CME Group kicked off 2026 with its strongest January on record, as trading volumes surged across nearly every major asset class.
- January set a new record for CME Group, with average daily volume up 15% year over year.
- Interest-rate futures led activity as markets repositioned around policy expectations.
- Metals and crypto saw the fastest growth, driven by heavy demand for micro contracts.
- International trading volumes continued to rise, especially across Europe and Asia.
Average daily volume reached 29.6 million contracts, up 15% from a year earlier and well above the previous January high set in 2025, signaling intense demand for hedging and risk management tools at the start of the year.
Interest rates dominate early-year positioning
Interest-rate products once again formed the backbone of activity, averaging 13.9 million contracts per day. Trading in US Treasury futures and options remained elevated, while SOFR-linked contracts continued to gain traction as expectations around monetary policy stayed in flux.
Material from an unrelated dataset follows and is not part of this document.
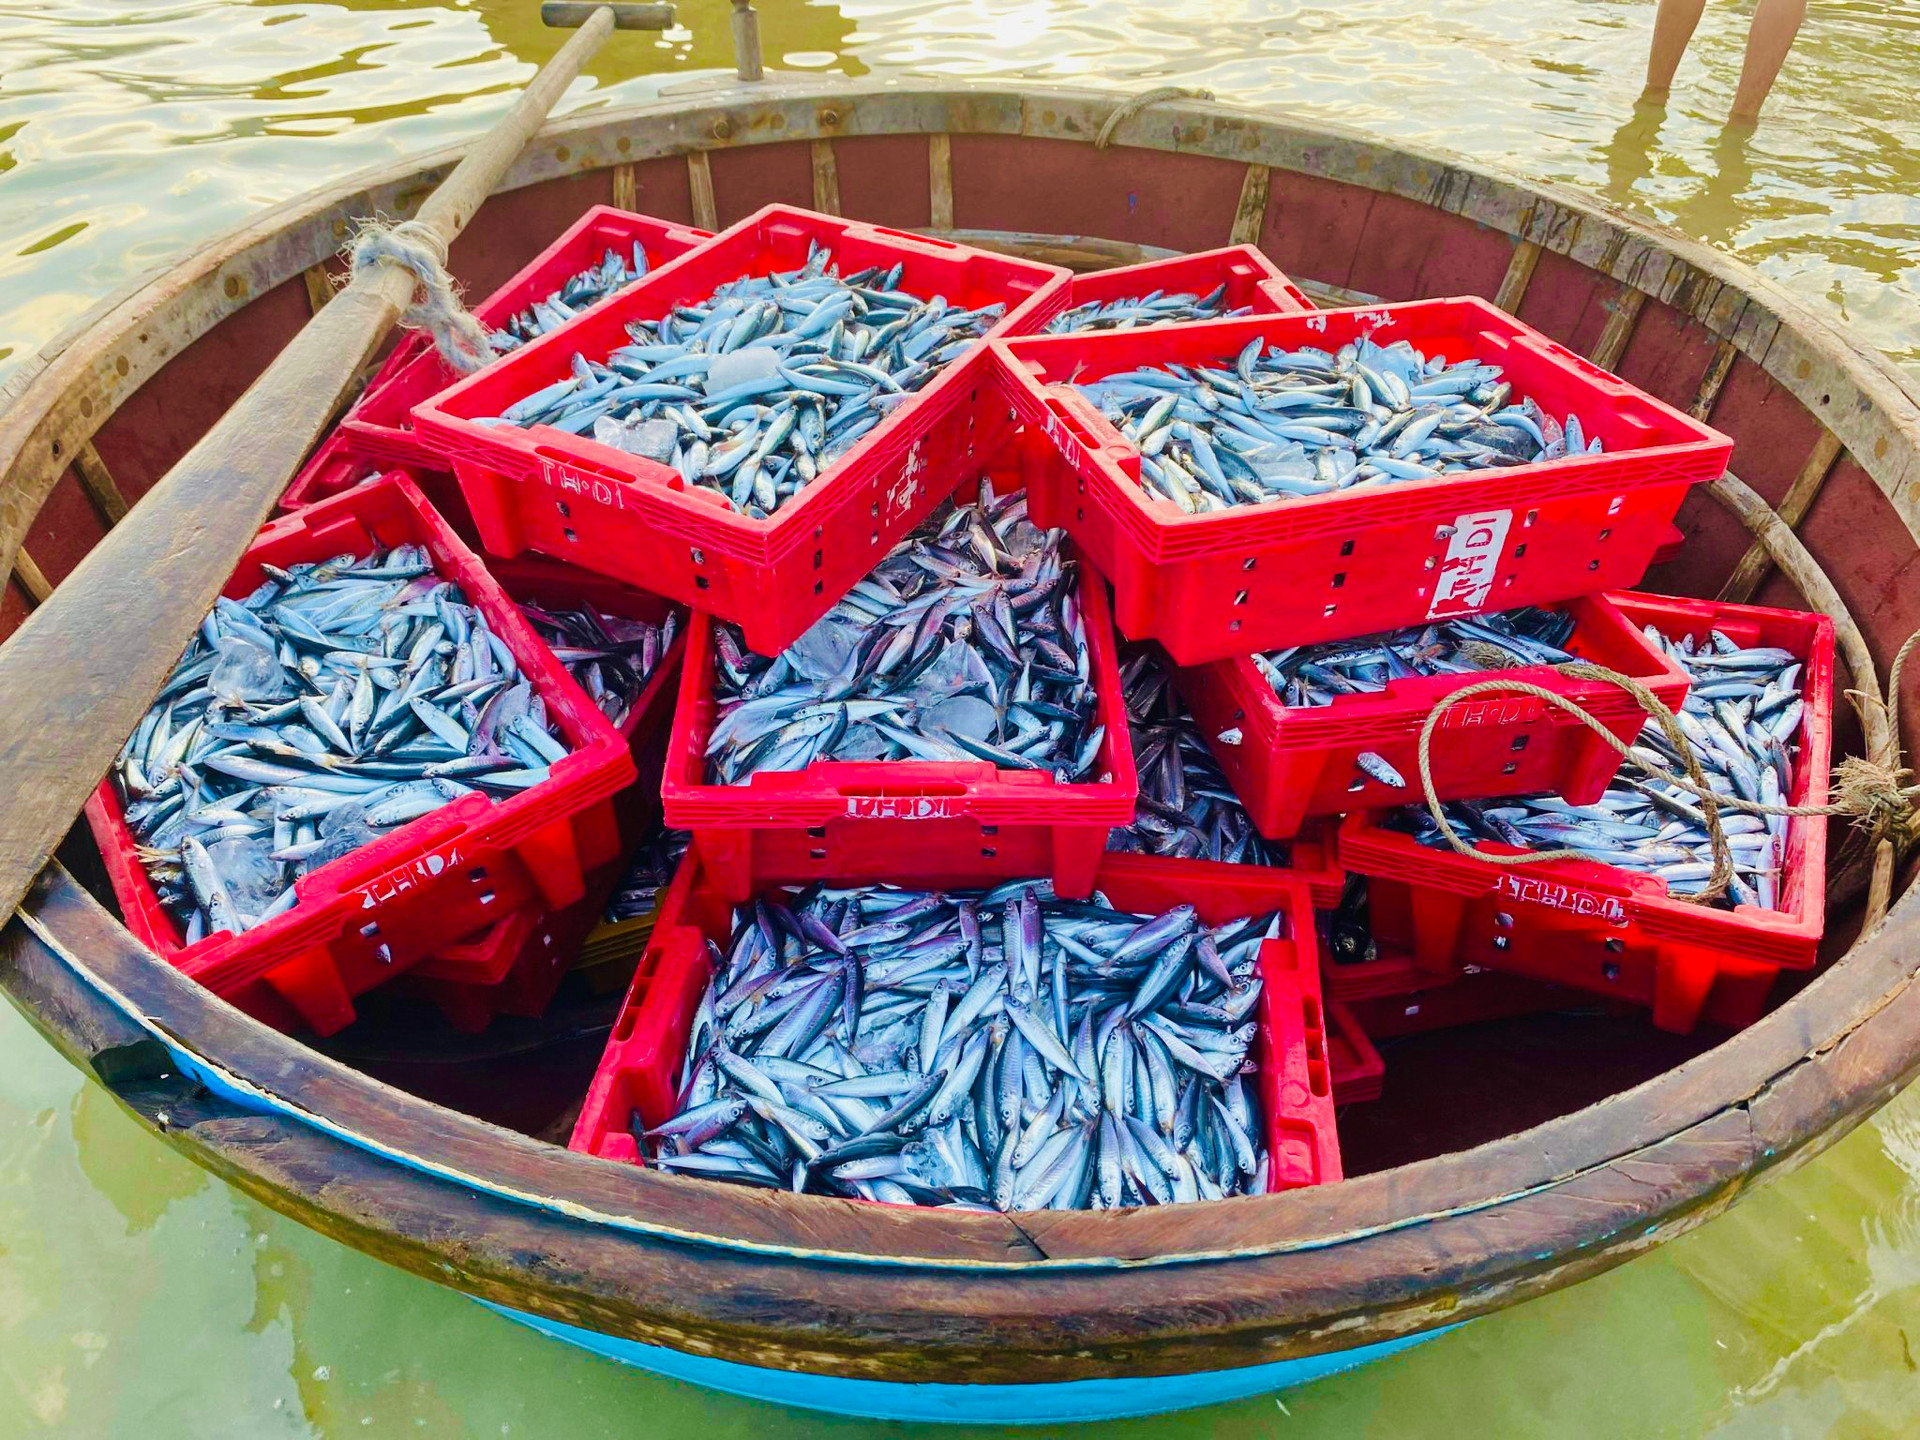 Ở Quảng Ngãi có cái chợ làng biển, hễ mặt trời ló rạng là tấp nập mua bán, cá cơm chất tươi đầy thuyền thúng- Ảnh 5.
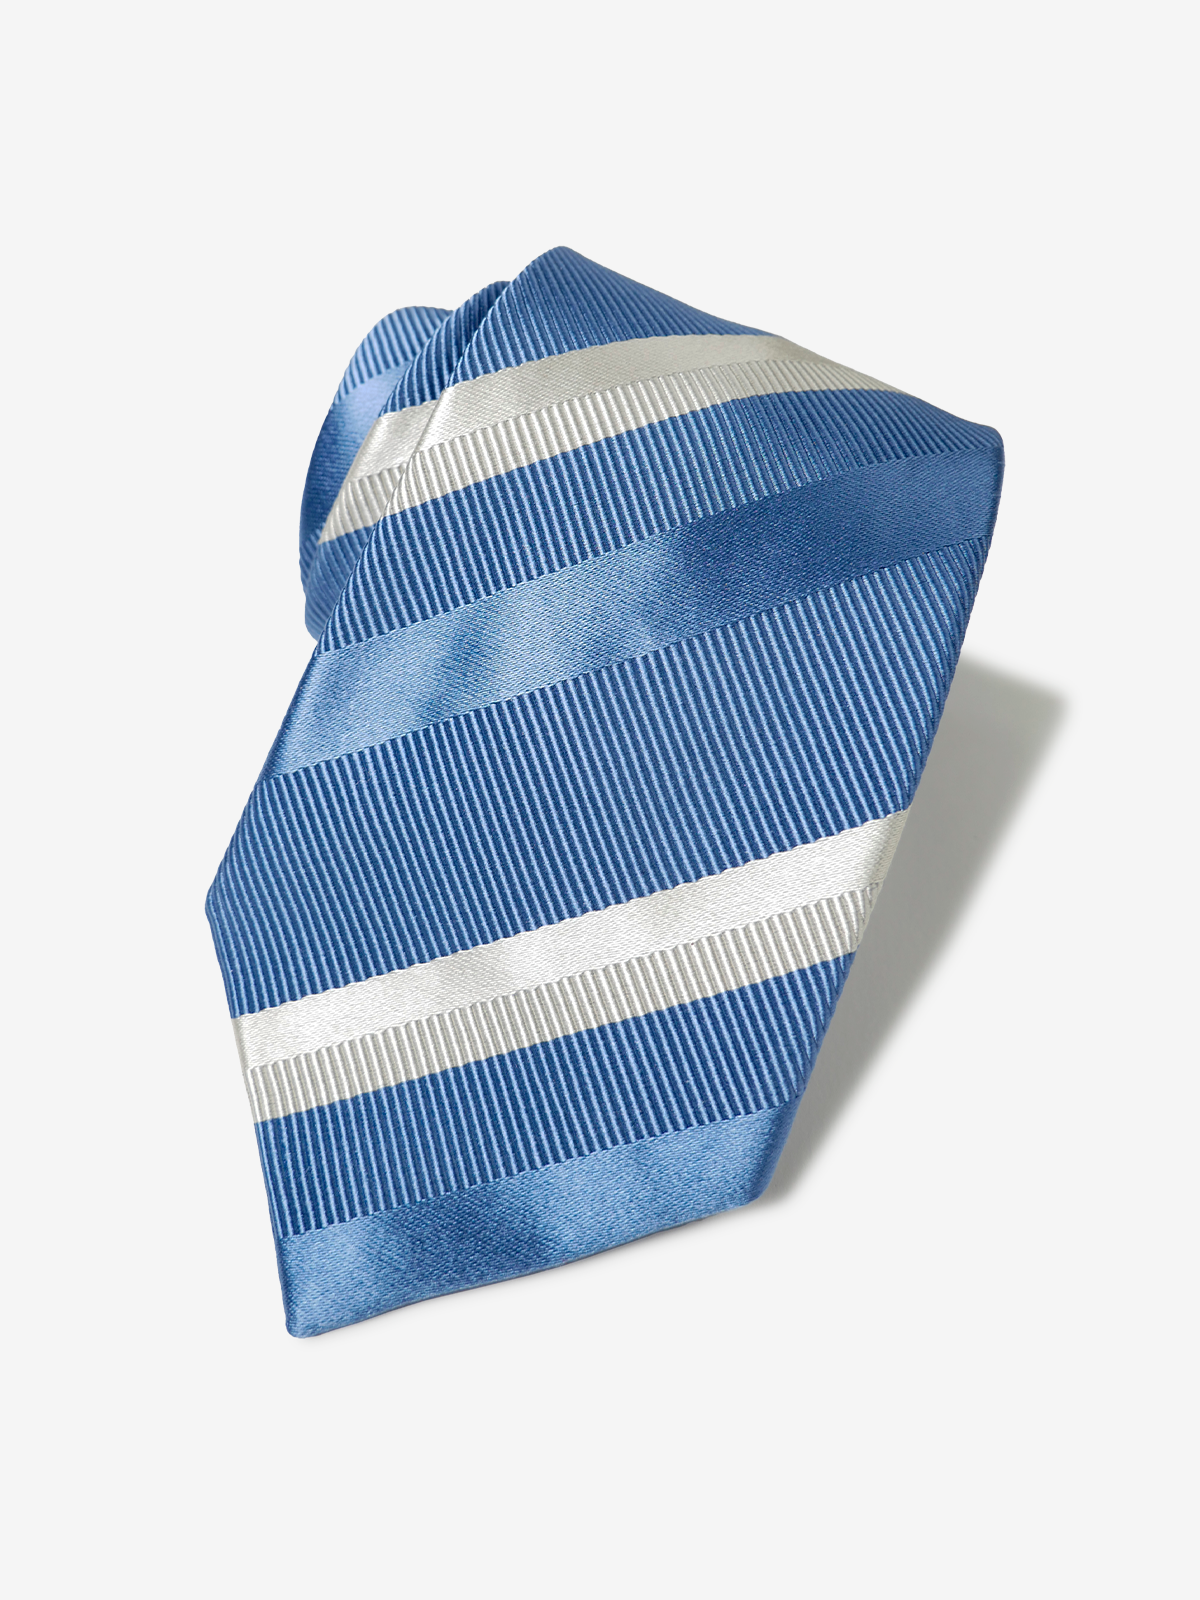 Striped Necktie｜ライトブルー

Short-term rate products tied to the federal funds rate also saw a sharp jump in usage, reflecting active repositioning around the path of rates.
Metals explode as micro contracts take center stage
Metals emerged as one of the fastest-growing segments in January, with average daily volume more than tripling compared to last year. Record activity was recorded across micro-sized gold, silver, and copper futures, underscoring how both institutional and active traders are turning to smaller contracts to fine-tune exposure amid heightened price swings.
Equity and energy markets show steady expansion
Equity index derivatives posted moderate but consistent growth, with micro E-mini contracts accounting for a large share of total equity index trading. Energy products also delivered solid gains, led by natural gas futures and options, while crude oil options activity rose sharply as traders responded to ongoing shifts in supply dynamics and price volatility.
FX and crypto volumes reflect rising volatility
Foreign exchange derivatives saw renewed momentum, particularly in Japanese yen futures and FX options, pointing to growing currency volatility. Crypto-related products stood out as well, with average daily volume more than doubling year over year. Ether-linked contracts, especially micro-sized versions, recorded strong gains, highlighting sustained demand for regulated digital asset exposure.
Global participation and off-exchange activity climb
Trading outside the US continued to accelerate, with international average daily volume rising to 9.2 million contracts. Growth was strongest in Europe, the Middle East, and Africa, while Asia-Pacific activity posted the fastest percentage increase. Beyond listed derivatives, activity in repo and spot FX markets also increased notably, reinforcing the broader expansion in institutional trading.
Overall, CME Group’s record January suggests that volatility, policy uncertainty, and shifting global liquidity conditions are pushing market participants to rely more heavily on futures and options. The broad-based nature of the volume gains points to a derivatives market that is becoming even more central to how risk is managed across global financial markets.